Fox shook his head slowly.  “We need to find more information.”  He stood, paced back and forth before the fire.  “Bring all the scribes, all the merchants trapped here by the snows.  Not here-” he added.  “Take them to the Center Hall and find out…damn.  Never mind.”  His mind was already leaping ahead, as it had when he planned attacks.  His hand gestured at the papers.  “Clean this up.  I need to think.”  He collected his coat and stalked from the room.  Calle and Zale exchanged looks that held both resignation and amusement.  Whatever their lord planned, it would surely involve them – and trouble, if past history proved anything.

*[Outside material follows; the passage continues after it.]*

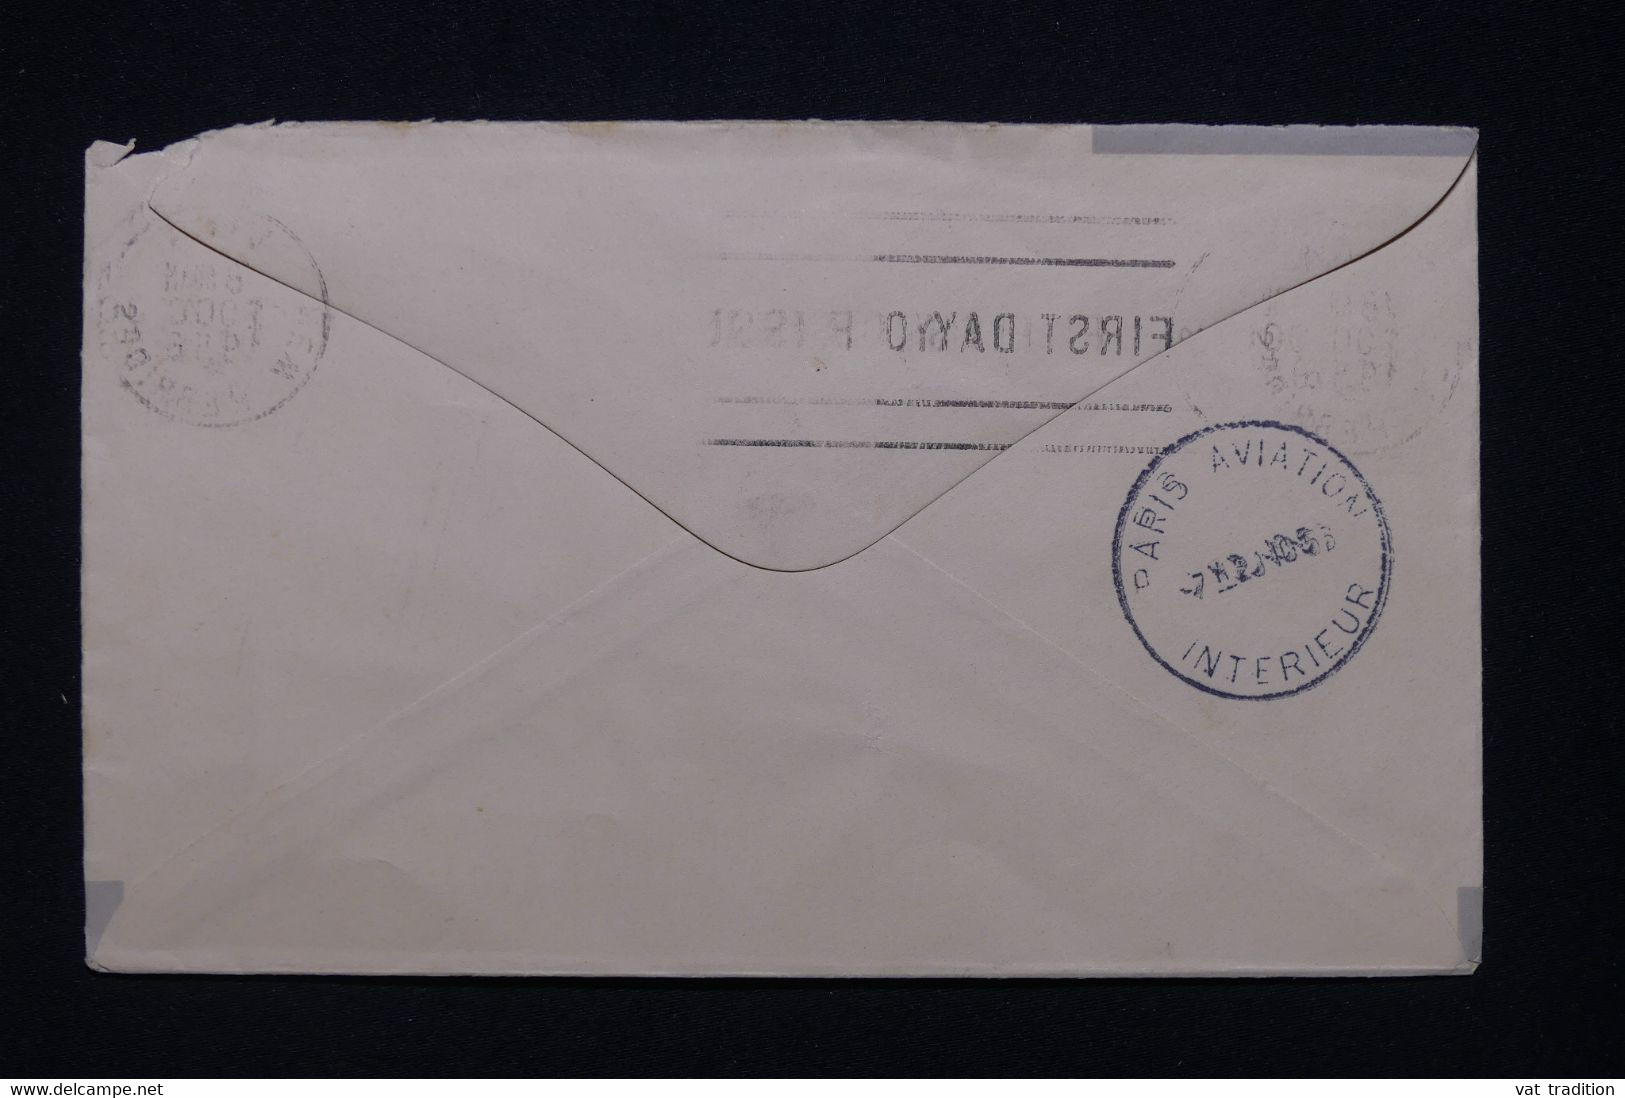 NOUVELLES HÉBRIDES - Enveloppe FDC En 1956 - Condominium Franco / Anglais - L 95933 - FDC

They rode out for the lowlands the next day, Calle and Zale.  Their lord they left behind, for he was unwilling to leave his lands in the deep of winter, at the only time when his people needed him.  He had commanded them not return until they had discovered the source of the Darks, no matter how they retrieved the information. 
When they had dropped out of sight along the drift-lined path, Lord Fox returned to his chambers, but only for a moment.  He shed his dark fur coat for a white and gray hooded coat of wolf fur, and drew his sword from its place on the wall.  Fourteen men waited in an inner courtyard, all dressed as he was.  He sheathed his sword as he examined the men; all were former mercenaries.  Something in him was pleased at their attention.  It had been almost five years since they had need of their weapons, but still they looked prepared.  He caught their eyes with a raised hand.  There would be no speeches; he had never given speeches, despised those, like Lord Eseos, who did.
“We go to the three highest peaks in the High Mountains.  There will be things there to fight.”  He grinned at his men, who grinned back.  They were fighters; this was their delight.  “So let us then be off about it.”
Each man retrieved from the side of the courtyard a pack laden with gear for the winter trek.  Once the packs were checked, they fell into three lines.  A space was left for Lord Fox, and he made his way to it with pleasure.  He slapped the side of his pack with a quiet bark of laughter.  Swinging the pack onto his back, he waved for the gate to be opened.
They made the trek through the courts to the outer walls at a slow walk, readying their bodies for the cold to come.  Once through the outer gates, with the immense tree-trunk bar falling into place behind them, they increased their pace.  They had a climb ahead of them, and the more ground they covered before nightfall the better.
“Lord Fox?”
“Yes?”  His voice did not invite the man to continue, but he did.
“Why are captains Calle and Zale not with us?”
“I had other places for them to be.”  Fox turned his eyes to the man, stared him into silence.  “Questioning me, Aviles?”
“No, lord….”
“Good.”  Fox turned his green-gold eyes ahead again.  In the back of his mind he knew he was five years too late; something in him had grown soft in the hard mountains.  There were too few enemies here, and his men had too much time to think, to question.  Under his hood his lips drew together in a silent snarl.  The Three Darks – whatever they might be – were what he needed.  There would be blades again, and blood, and no papers, no harvests to deal with, no lost sheep or shepherds. 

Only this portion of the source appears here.